253 Views Asked by At
Json File :

{ 
"buyer": { 
"legalBusinessName": "test1 Company","organisationIdentifications": [{ "type": "abcd",
"identification": "test.bb@tesr"
}, 
{ 
"type": "TXID","identification": "12345678"
}
]
},
"supplier": {
"legalBusinessName": "test Company",
"organisationIdentifications": [
{
"type":"abcd","identification": "test28@test"
}
]
},
"paymentRecommendationId": "1234-5678-9876-2212-123456",
"excludedRemittanceInformation": [],
"recommendedPaymentInstructions": [{
"executionDate": "2022-06-12",
"paymentMethod": "aaaa",
"remittanceInformation": {
"structured": [{
"referredDocumentInformation": [{
"type": "xxx",
"number": "12341234",
"relatedDate": "2022-06-12",
"paymentDueDate": "2022-06-12",
"referredDocumentAmount": {
"remittedAmount": 2600.5,
"duePayableAmount": 3000
}
}]
}]
}
}]
}

Create Table Statement:

CREATE EXTERNAL TABLE IF NOT EXISTS `test`.`test_rahul` 
(`buyer` STRUCT< `legalBusinessName`:STRING, `organisationIdentifications`:STRUCT<  `type`:STRING, `identification`:STRING>>, 
`supplier` STRUCT< `legalBusinessName`:STRING, `organisationIdentifications`:STRUCT<    `type`:STRING, `identification`:STRING>>,
`paymentRecommendationId` STRING, `recommendedPaymentInstructions` ARRAY< STRUCT<     `executionDate`:STRING, `paymentMethod`:STRING, 
`remittanceInformation`:STRUCT< `structured`:STRUCT<     `referredDocumentInformation`:STRUCT< `type`:STRING, 
`number`:STRING, `relatedDate`:STRING, `paymentDueDate`:STRING,     `referredDocumentAmount`:STRUCT< `remittedAmount`:DOUBLE, 
`duePayableAmount`:INT>>>>>>) 
ROW FORMAT SERDE 'org.openx.data.jsonserde.JsonSerDe'  
WITH SERDEPROPERTIES ( "field.delim"=",","mapping.ts" = "number") 
STORED AS textFILE LOCATION '/user/hdfs/Jsontest/';

If I am wring Jsonfile data in single row, for each record than it working fine but if its in multiline then getting below error.

Error Message :

Error: java.io.IOException: org.apache.hadoop.hive.serde2.SerDeException: Row is not a valid JSON Object - JSONException: A JSONObject text must end with '}' at 2 [character 3 line 1] (state=,code=0)

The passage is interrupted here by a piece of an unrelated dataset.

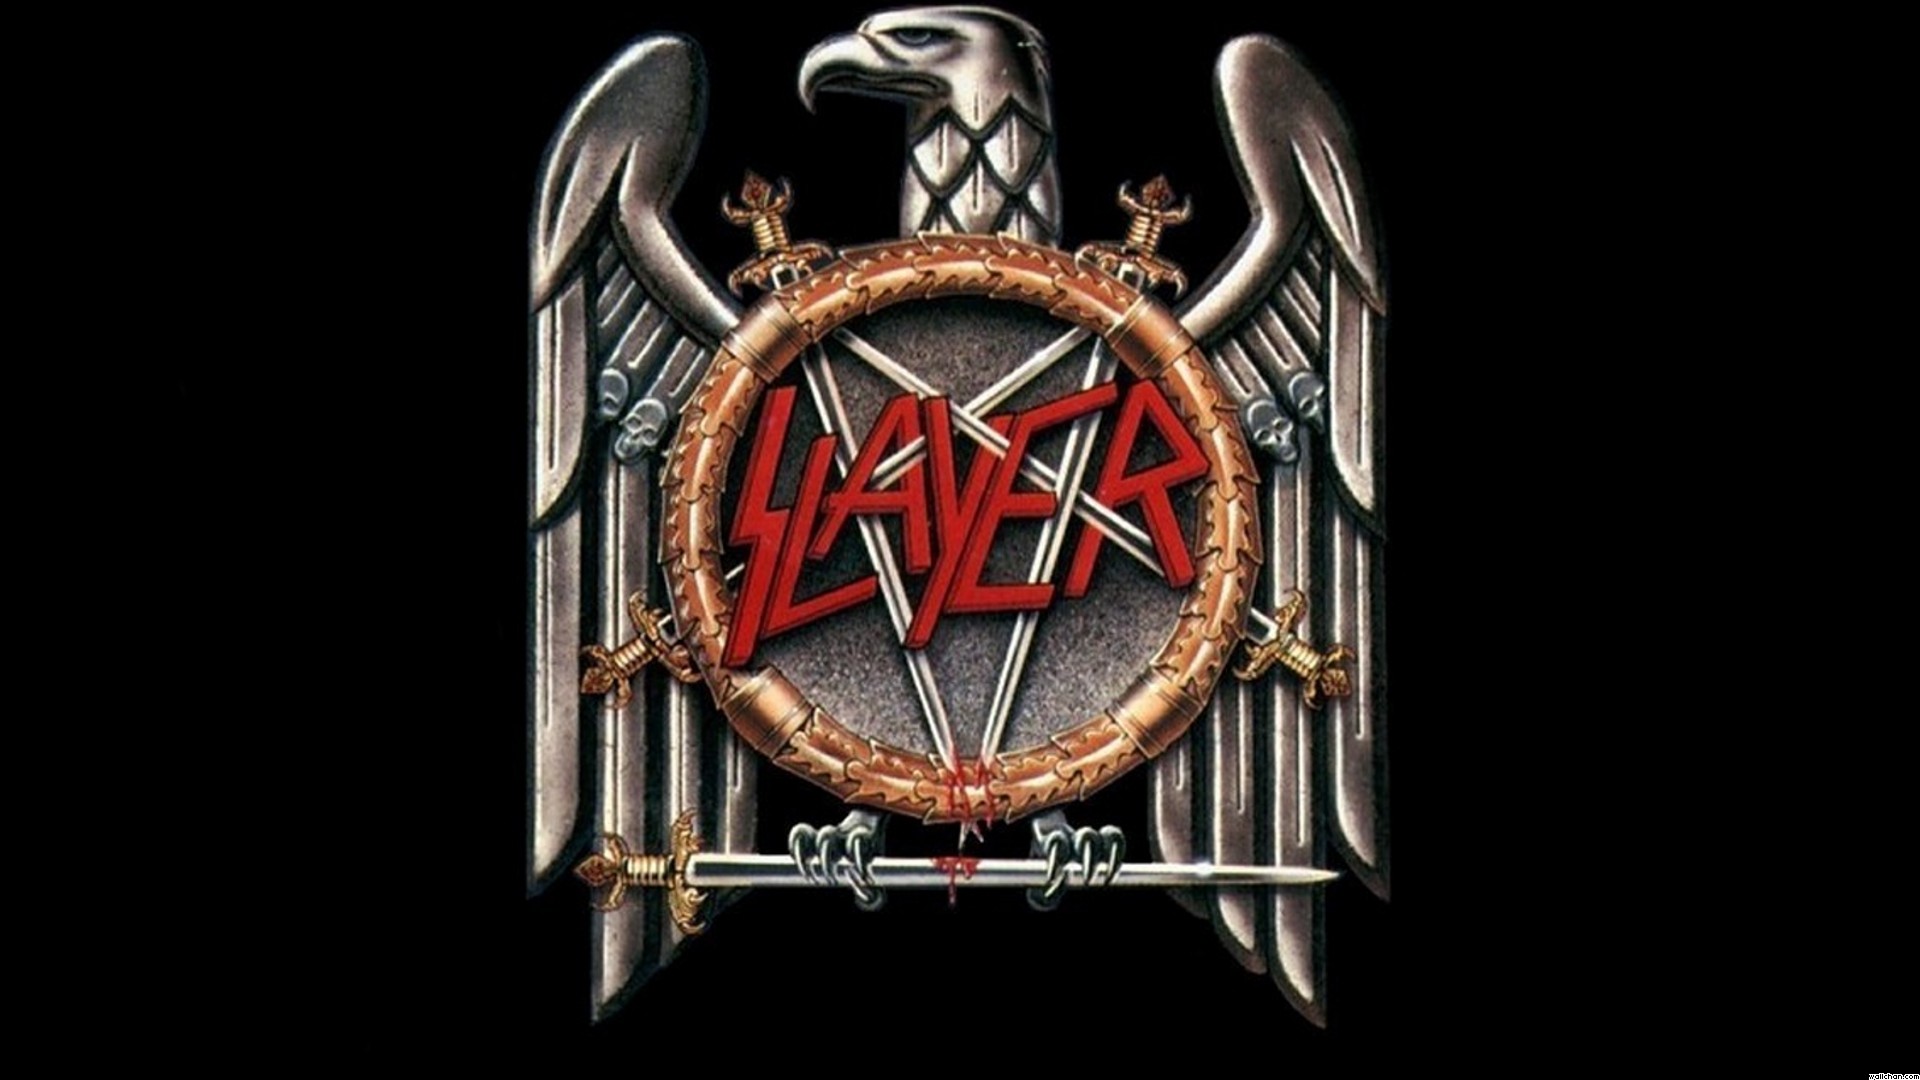 1920x1080 Slayer groups bands music heavy metal death hard rock album covers wallpaper  |  | 25192 | WallpaperUP
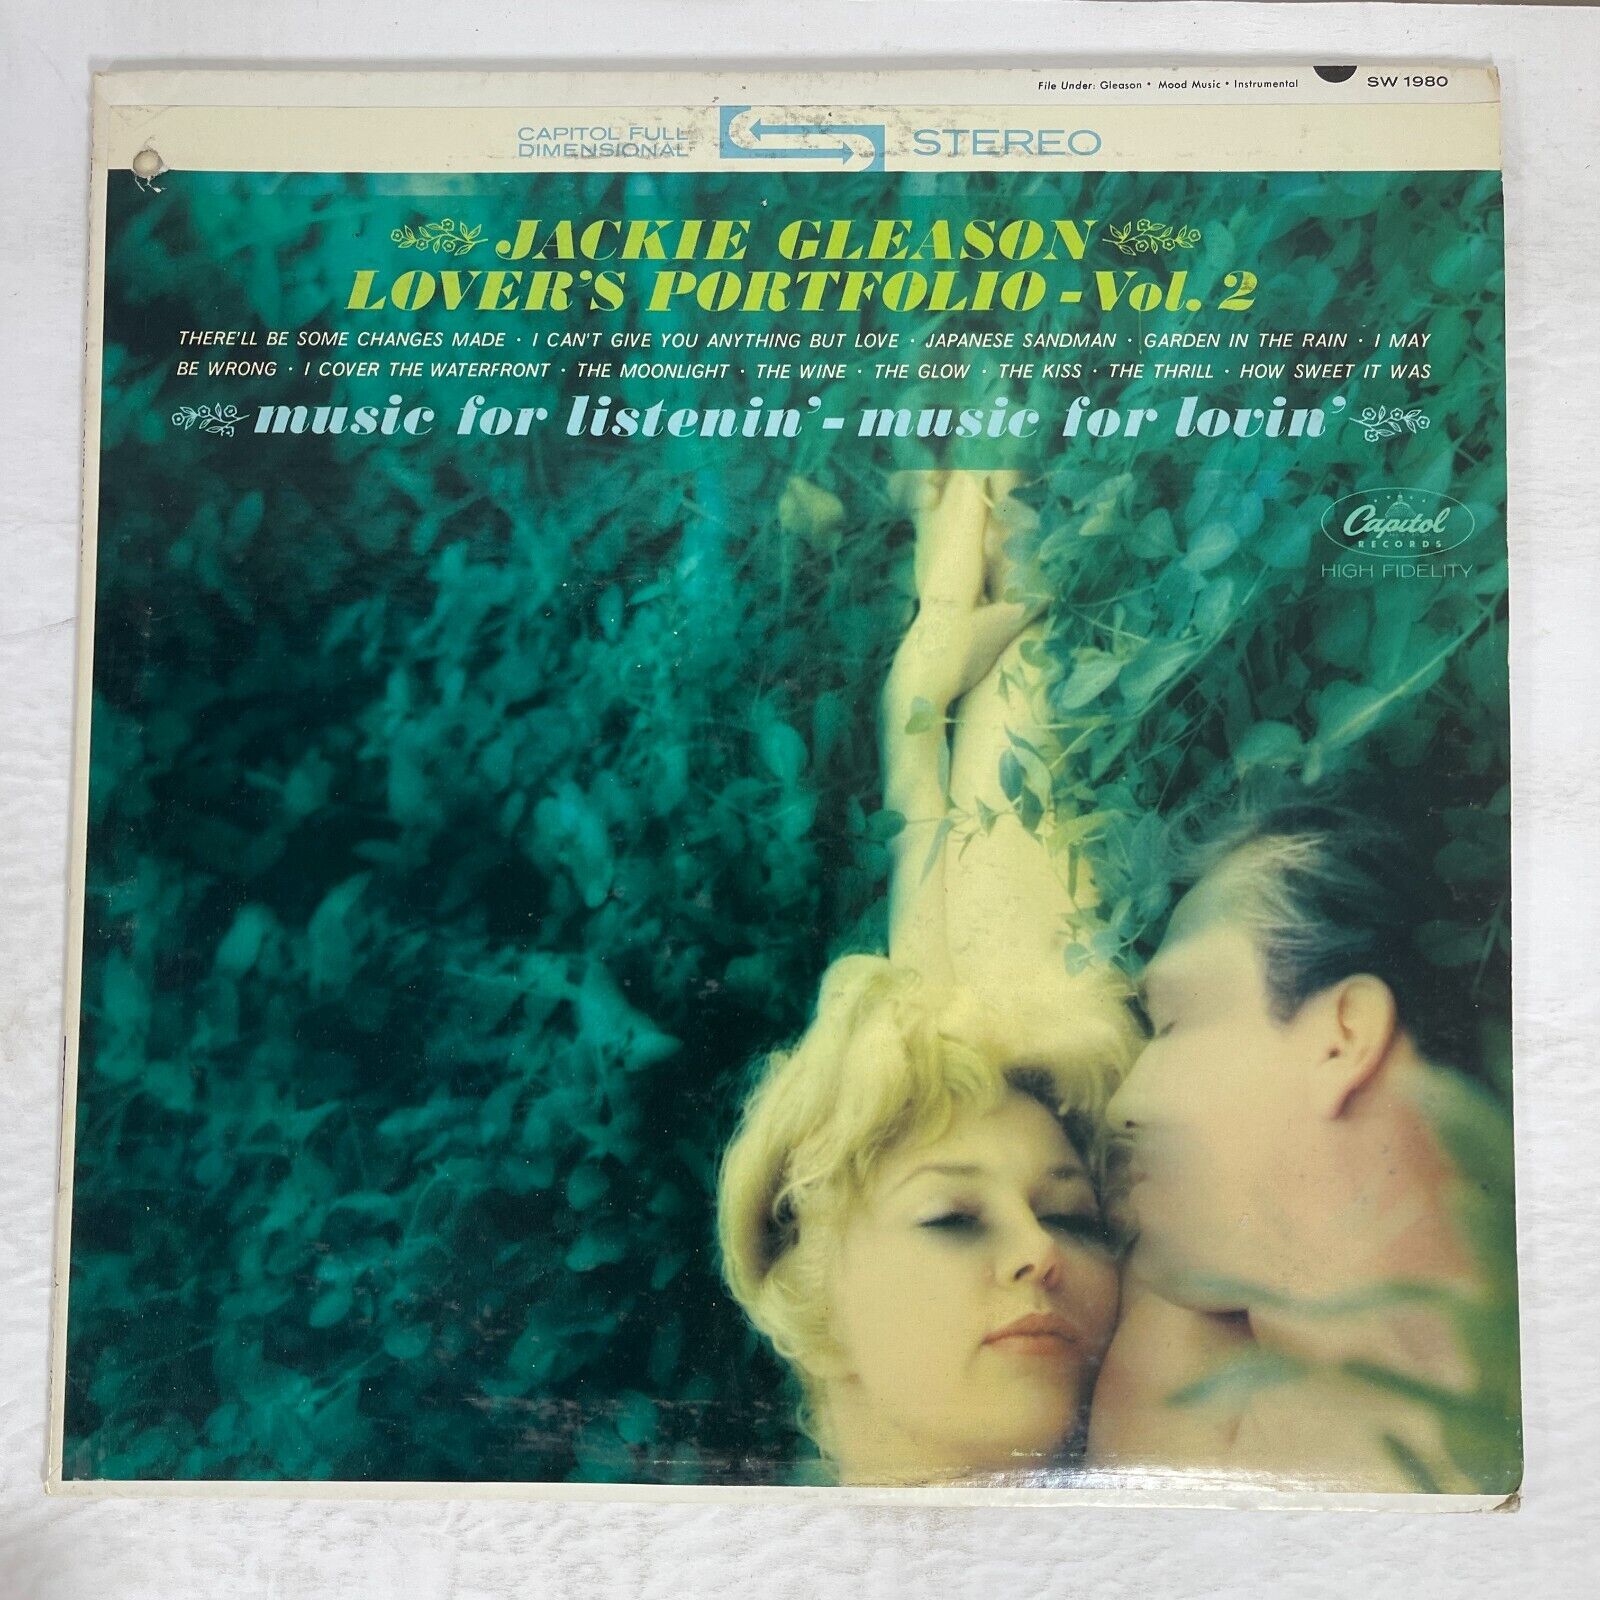 Jackie Gleason – Lover's Portfolio - Vol. 2 Vinyl, LP 1964 Capitol Records

can someone kindly suggest. looks like i need to add line/field seprator but not able to decide what should i add so that it can handle multiline also same as spark. i.e..oprtion(multiline,true)

1

There are 1 best solutions below

0
On

It seems like JSON serde in Hive cannot support multi-line. You might need to flatten JSON into single line like the following format.

{ "buyer": { "a": "1", "b": "2" }, "c": "3" }
{ "buyer": { "a": "1", "b": "2" }, "c": "3" }
{ "buyer": { "a": "1", "b": "2" }, "c": "3" }
...